Liquidato Sarri la Juventus deve liquidare altri articoli dell’emporio. Trattasi degli eterni Buffon e Chiellini il cui peso, tecnico e contabile, non ha più una ragione effettiva e, al massimo, affettiva. Con loro la Juventus deve liberarsi di altre figure che hanno ormai concluso la propria carriera italiana, Khedira e Higuain. Posso aggiungere Matuidi e queste “liberazioni” potrebbero costare una cifra vicina ai 50 milioni di euro, greve per i conti bianconeri già appesantiti. 

Nell’elenco del fine corsa ci sono Douglas Costa e De Sciglio i quali possono rientrare in alcune operazioni di scambio, come Bernardeschi. Tutto ciò significa un nuovo investimento da parte della proprietà. Non ci sono alternative se Agnelli non vuole rischiare l’epilogo di altri suoi colleghi presidenti che, per passione, sono stati poi costretti a rivedere i propri progetti.

La Juventus non é reduce da una stagione fallimentare, come qualcuno sostiene. La vittoria del campionato è stata assorbita dai tifosi ma anche dagli avversari che considerano il titolo un fatto dovuto ma, al tempo stesso, ne sottolineano la modestia con la quale è arrivato, così sminuendo l’avventura delle altre concorrenti al titolo.

La Juventus deve rimettere assieme i pezzi che sono andati in frantumi in Europa, là dove, al di là di superficiali pronostici dei tifosi e dei sogni della dirigenza bianconera, il traguardo finale era impossibile.
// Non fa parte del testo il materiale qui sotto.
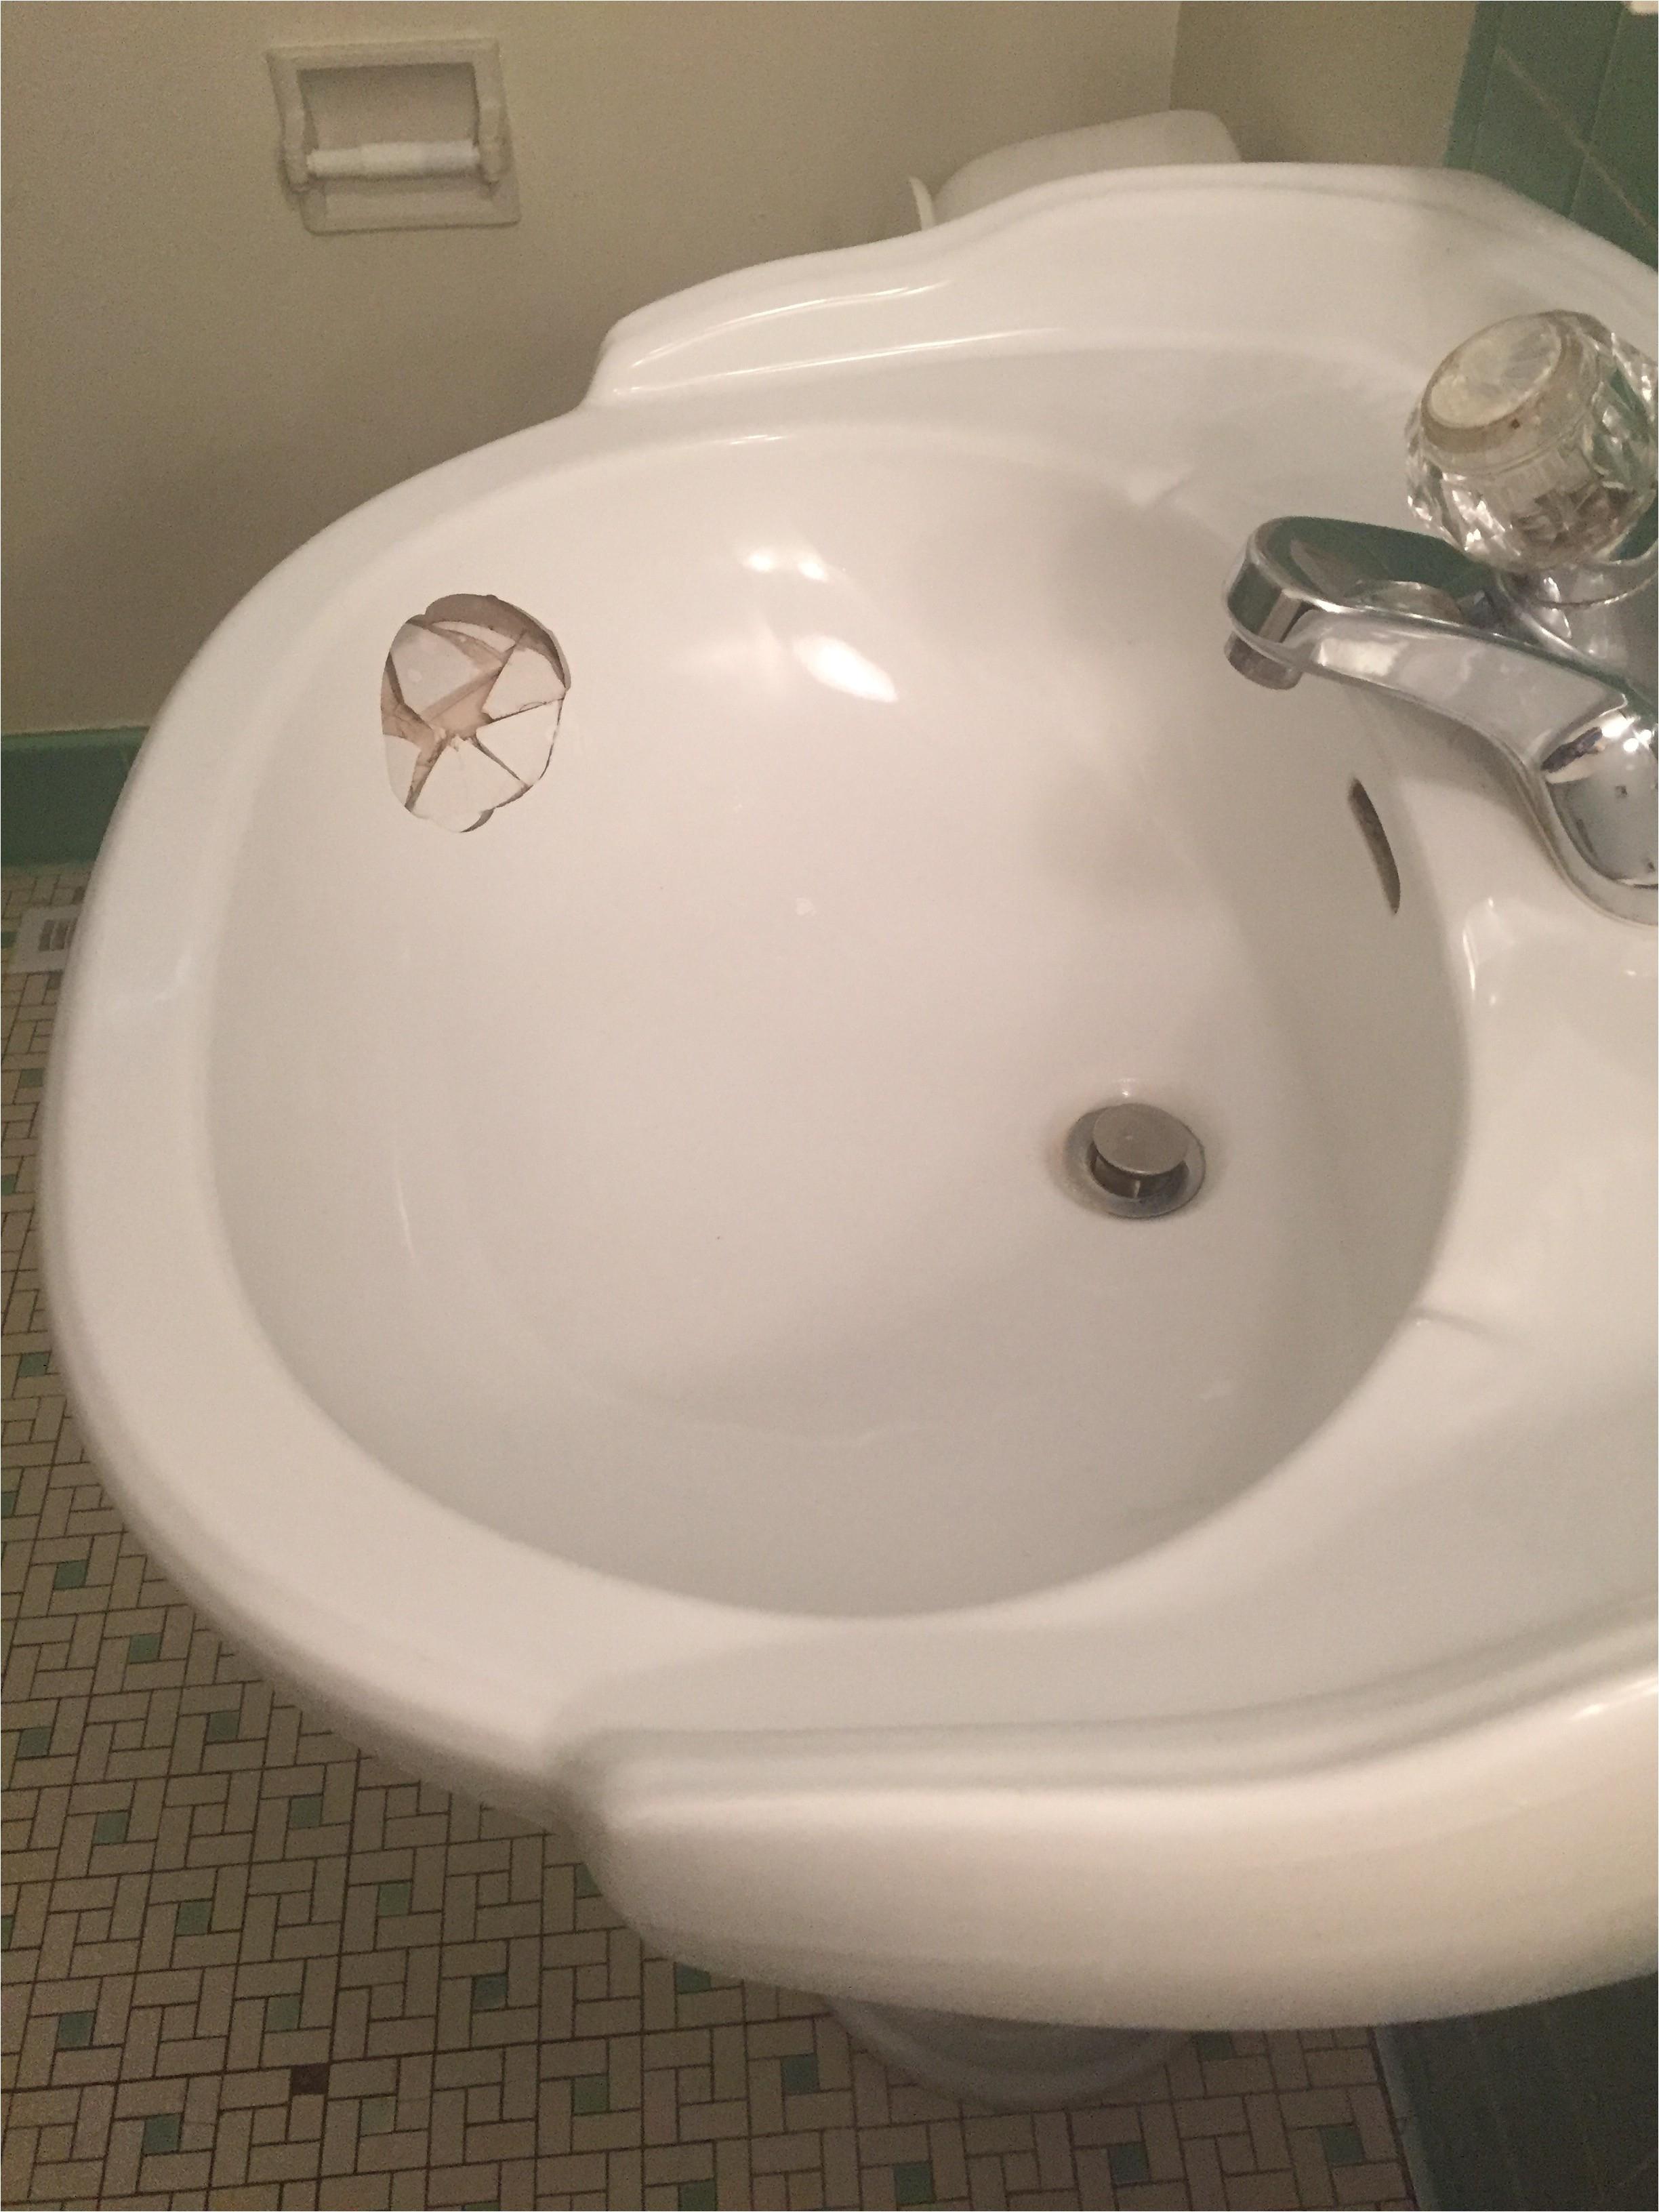 refinish bathroom sink new fresh white bathroom sink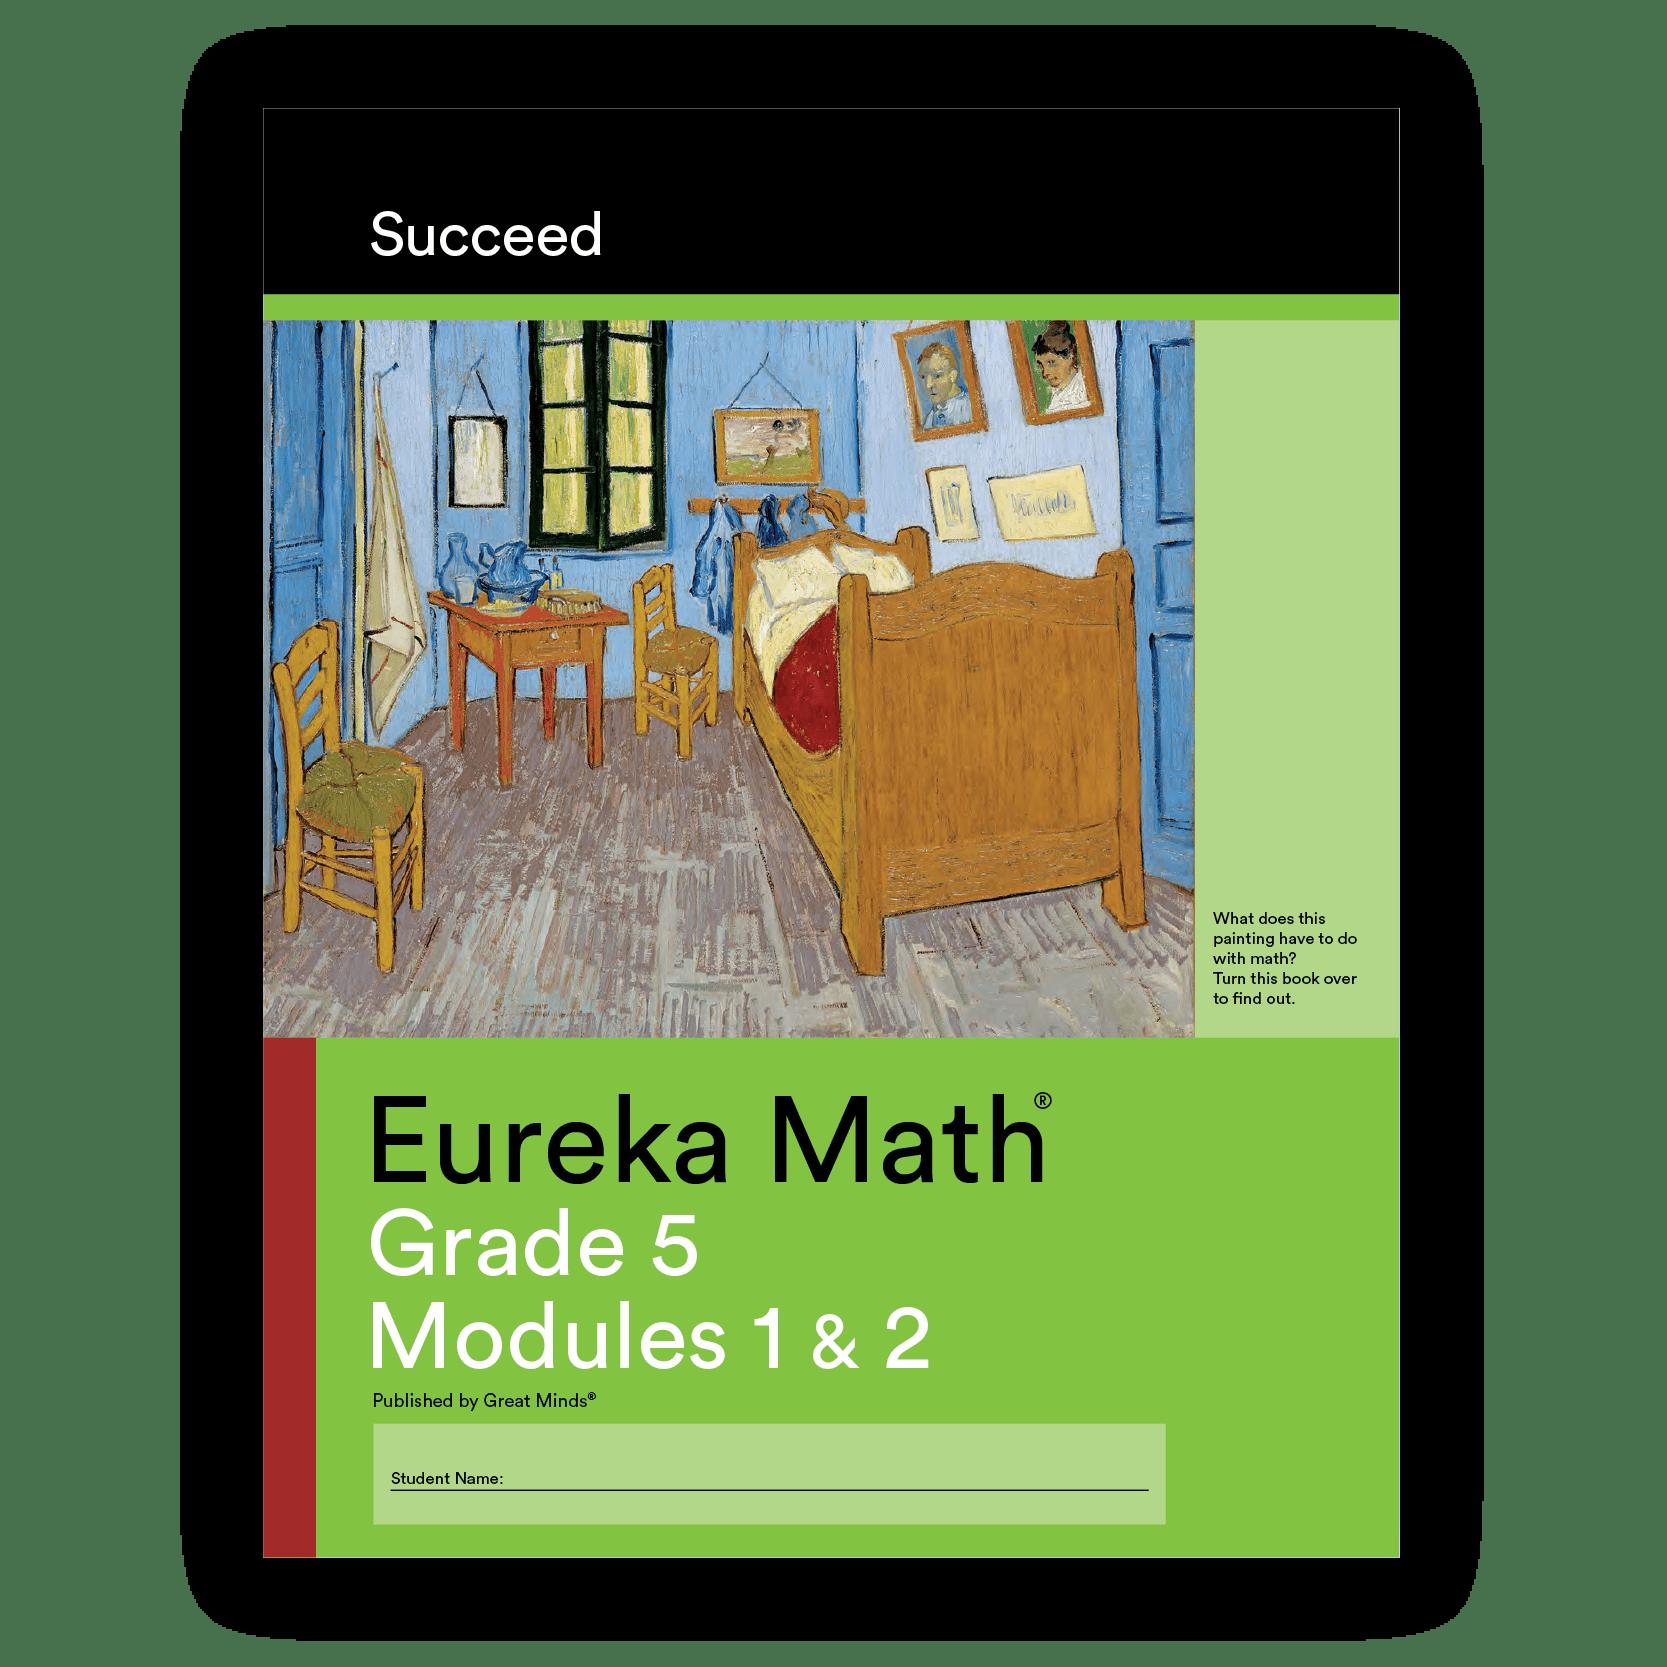 Eureka-Math-LPS-Succeed-Samples

Chi scrive e ritiene che la nuova Juventus debba ricostruirsi attorno a Cristiano Ronaldo conosce il subbuteo ma non il football, se si ha voglia di vestirsi con eleganza e sobrietà non si incomincia dalla cravatta di seta ma dall’abito, dalle scarpe, dalla camicia e dalla postura, la cravatta CR7 arriva per ultima e non per prima ma la miopia del giornalismo contemporaneo porta a non mettere a fuoco la realtà.

Attendo le parole di Sarri, magari anche qualche termine scurrile così da lasciare un buon ricordo. Non può lamentarsi. Ha vinto lo scudetto ed è stato licenziato. Come Allegri. Dicono che stia fumando. E non trattasi di tabacco.